А затем я отстранился и встал на колено:
— Я назвал тебя Богиней, потому что ты и есть — Богиня.
Я помолчал.
— Бог — это не сила и не власть, и даже не величие… а всего лишь Обещание. Если у тебя сердце болит за этот мир, за его обитателей, если ты готова на всё, чтобы его защитить — даже пожертвовать своей жизнью — ты и есть Богиня.
Я поднял голову и взглянул ей в глаза:
— А готова ли ты?
И глаза Алинды заполнились слезами:
— Да, я готова.
Она дышала быстро, лихорадочно.
— Поначалу, после Срыва, я просто не знала, что делать… быть может, из-за тебя и решила принять такую роль — воплотиться в аватаре Ферии.
Алинда кусала губы.
— Какая я Богиня! Я ничего не знаю, не умею… моих сил едва хватает на то, чтобы удержать этот мир на мгновение на краю пропасти — чтоб он не разлетелся на осколки.
Я грустно улыбнулся ей:
— И всё же, у этого мира нет никого, кроме тебя.
Алинда закрыла глаза руками.
— Если я Богиня, тогда ты — мой ангел, — словно в полузабытье, прошептала она.
— Ой, какой я ангел, — возмутился я.
— Не спорь, — сквозь слёзы улыбнулась она. — Быть может, я посредственная Богиня, а ты — паршивый ангел… но мы всё, что есть у этого мира — ведь ты сам так сказал.

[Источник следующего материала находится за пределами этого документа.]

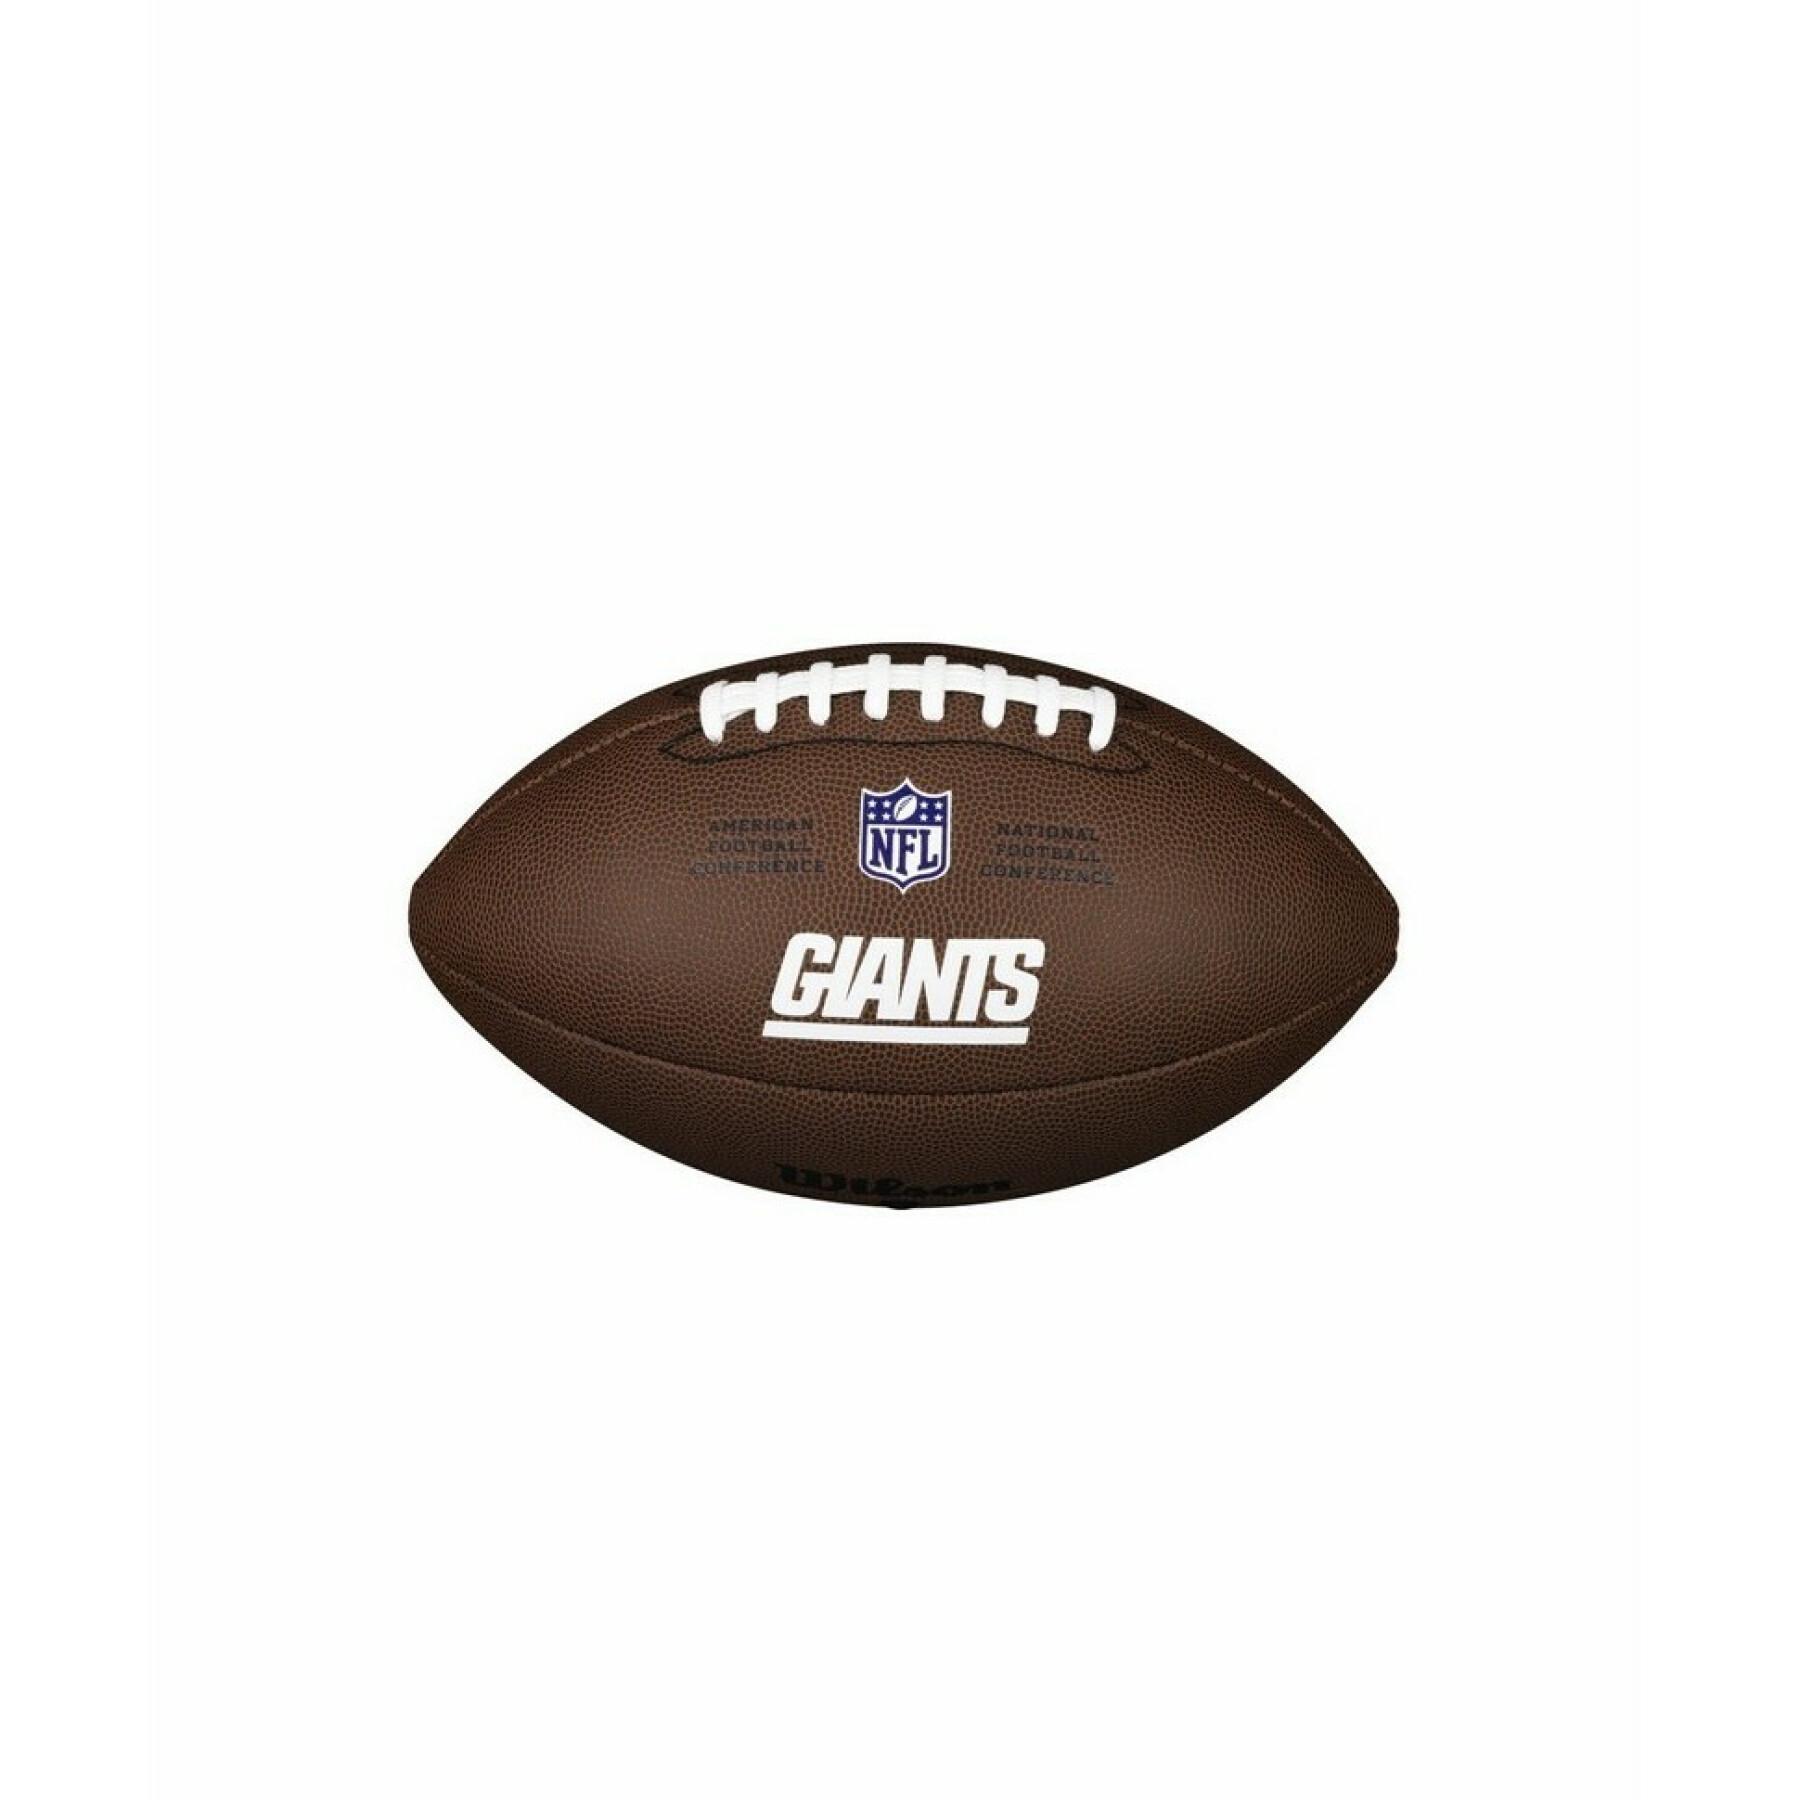 Bola Wilson Giants NFL com licença

И, взяв меня за руку, провела меня по древним, занесённым листвой лестницам, на самый верх храма, на украшенный барельефами балкончик. Взявшись за руки, мы подошли к его краю. Отсюда простирался прекрасный вид на всю Алинду — её горы, реки, моря, поля. И трещины в зеленоватой выси небосвода, кровоточащими ранами пересекающие небеса. Что это?! Ещё недавно их не было. В небе змеились трещины — будто молнии пронзали купол мира. Трещины раскололи небосвод, словно хрупкое стекло — с жутким звоном они взламывали васильковую твердь, и острые хрустальные осколки падали вниз…Мир Алинды трещал по швам.
— Что происходит?!
Меня стала колотить крупная дрожь.
— Я умираю, — просто сказала Алинда. — Реальность Инферно-8 всё больше и больше вторгается в меня. Я держусь из последних сил — но их так мало…
Я содрогнулся.
— Но…
— Я вижу и слышу боль всех подключенных ко мне существ, — шептала она. — Я сняла все фильтры боли и блокираторы. К счастью, этих существ не так уж и много — иначе я сошла бы с ума, — она через силу, вымученно улыбнулась. — А ваша компания — она как светлый лучик в этом агонизирующем царстве. Я не знаю, какие религии приняты у вас, но я люблю вас.
Потрясённый признанием, я обнял её и прижал к себе. Алинда не сопротивлялась. Она прикрыла глаза и, казалось, плакала. Ощущать боль всех живых существ на планете… я содрогнулся. Но зачем?!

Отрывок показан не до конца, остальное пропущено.